Aim of the exercise:
Output all of the data exactly, keeping any images out of the copy.
╭─ Given information
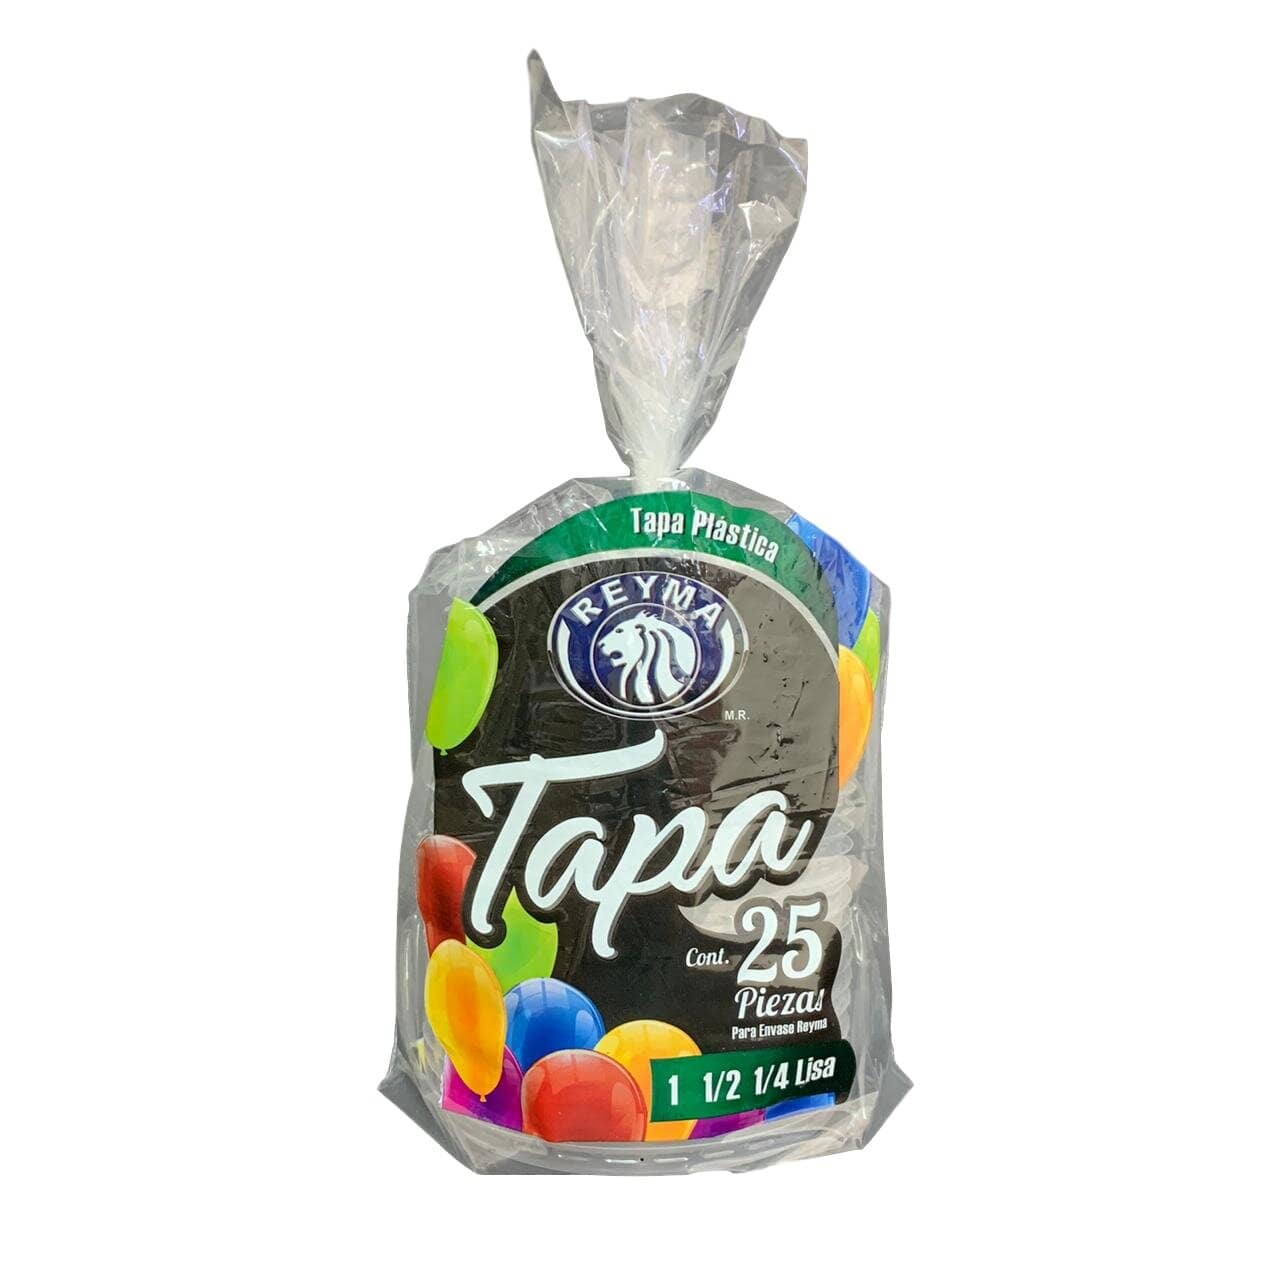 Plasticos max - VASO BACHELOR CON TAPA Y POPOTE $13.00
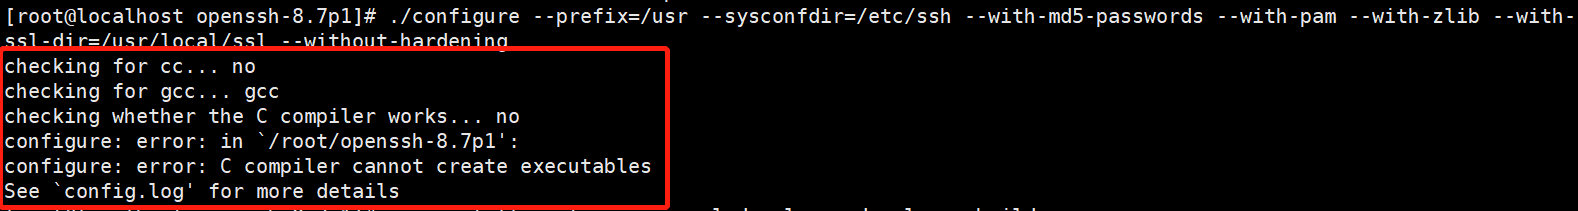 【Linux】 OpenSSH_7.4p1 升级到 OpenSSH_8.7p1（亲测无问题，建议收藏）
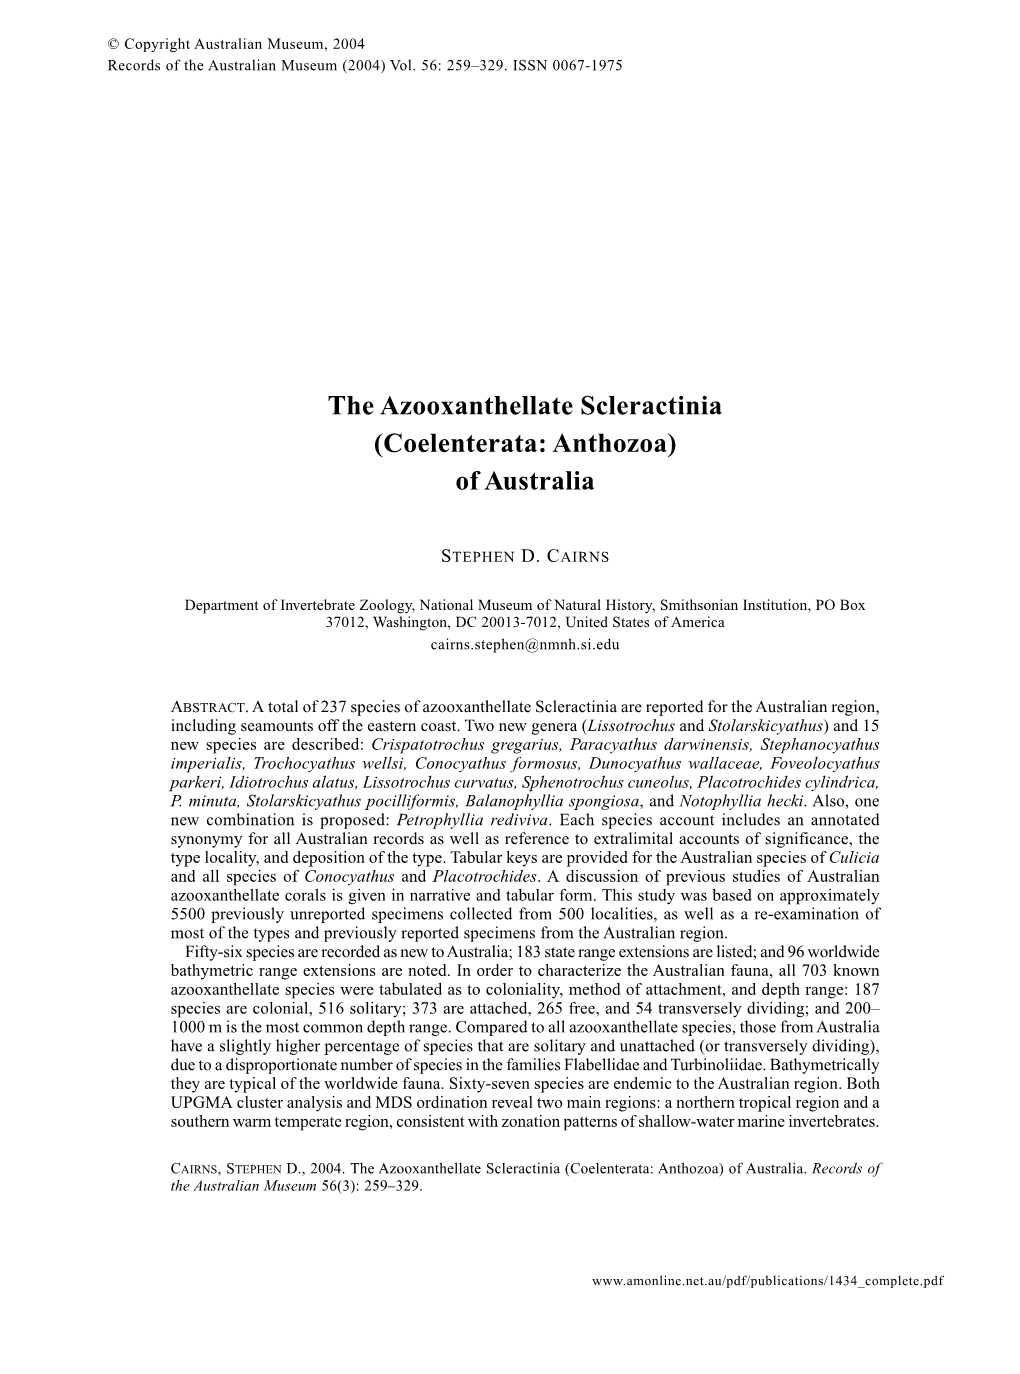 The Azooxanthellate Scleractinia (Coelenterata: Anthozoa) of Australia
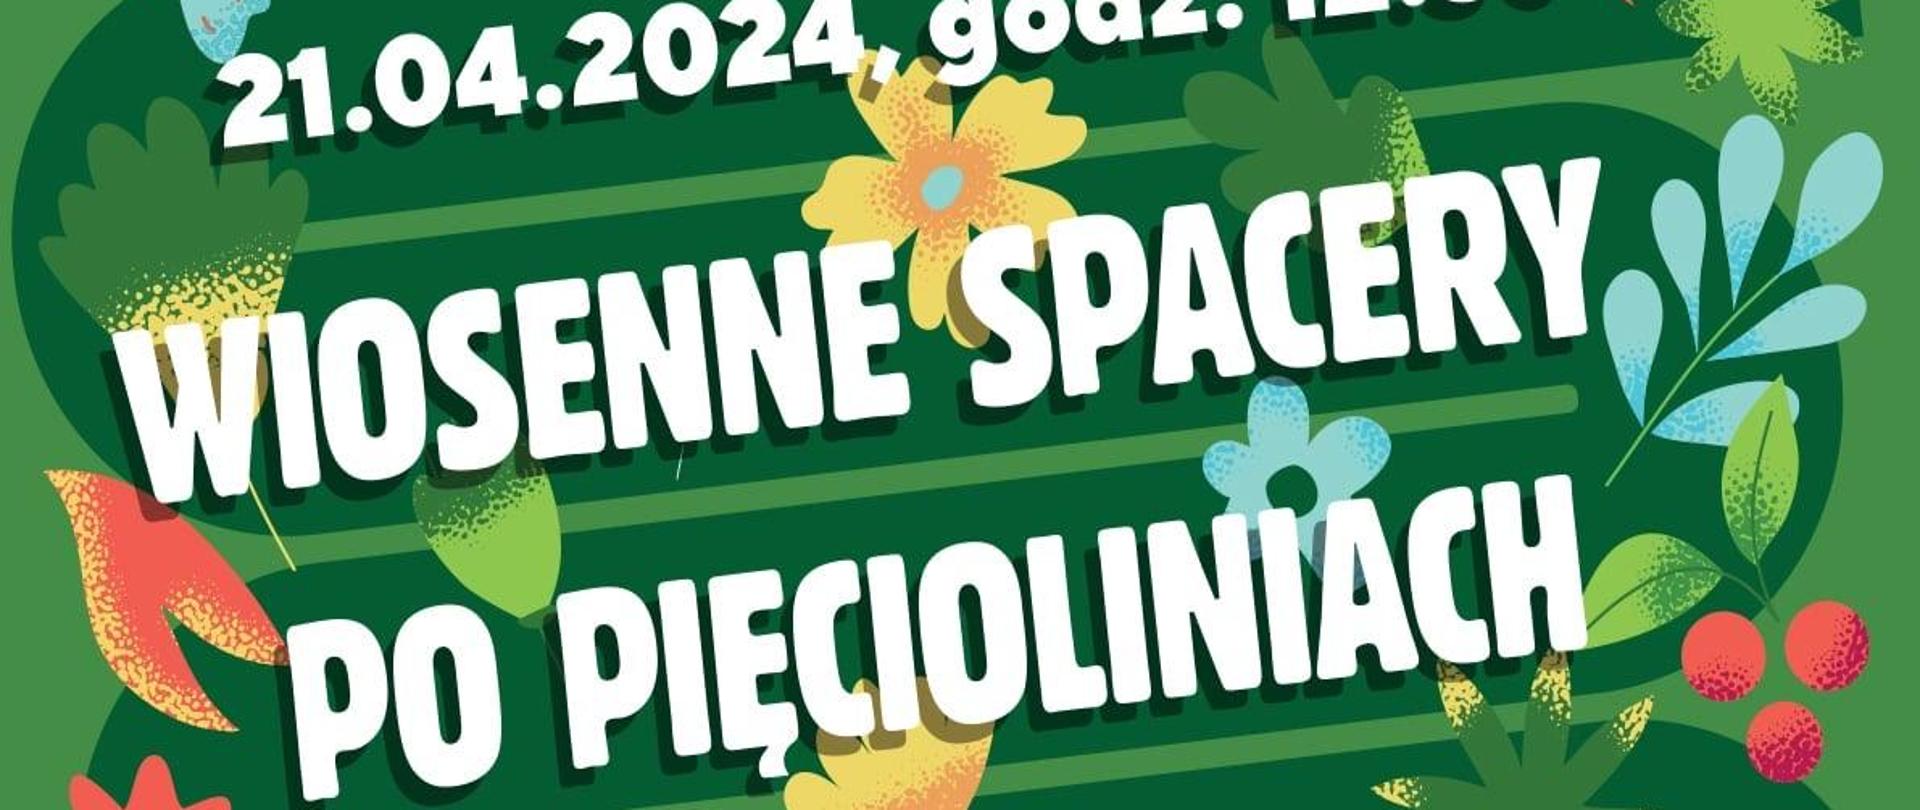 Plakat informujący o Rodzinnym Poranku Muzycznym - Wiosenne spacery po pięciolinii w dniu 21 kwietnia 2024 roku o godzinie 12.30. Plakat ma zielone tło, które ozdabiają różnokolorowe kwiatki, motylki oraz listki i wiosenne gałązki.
╰─
Written response:
 Plasticos max - VASO BACHELOR CON TAPA Y POPOTE $13.00
 【Linux】 OpenSSH_7.4p1 升级到 OpenSSH_8.7p1（亲测无问题，建议收藏）
 The Azooxanthellate Scleractinia (Coelenterata: Anthozoa) of Australia
 Plakat informujący o Rodzinnym Poranku Muzycznym - Wiosenne spacery po pięciolinii w dniu 21 kwietnia 2024 roku o godzinie 12.30. Plakat ma zielone tło, które ozdabiają różnokolorowe kwiatki, motylki oraz listki i wiosenne gałązki.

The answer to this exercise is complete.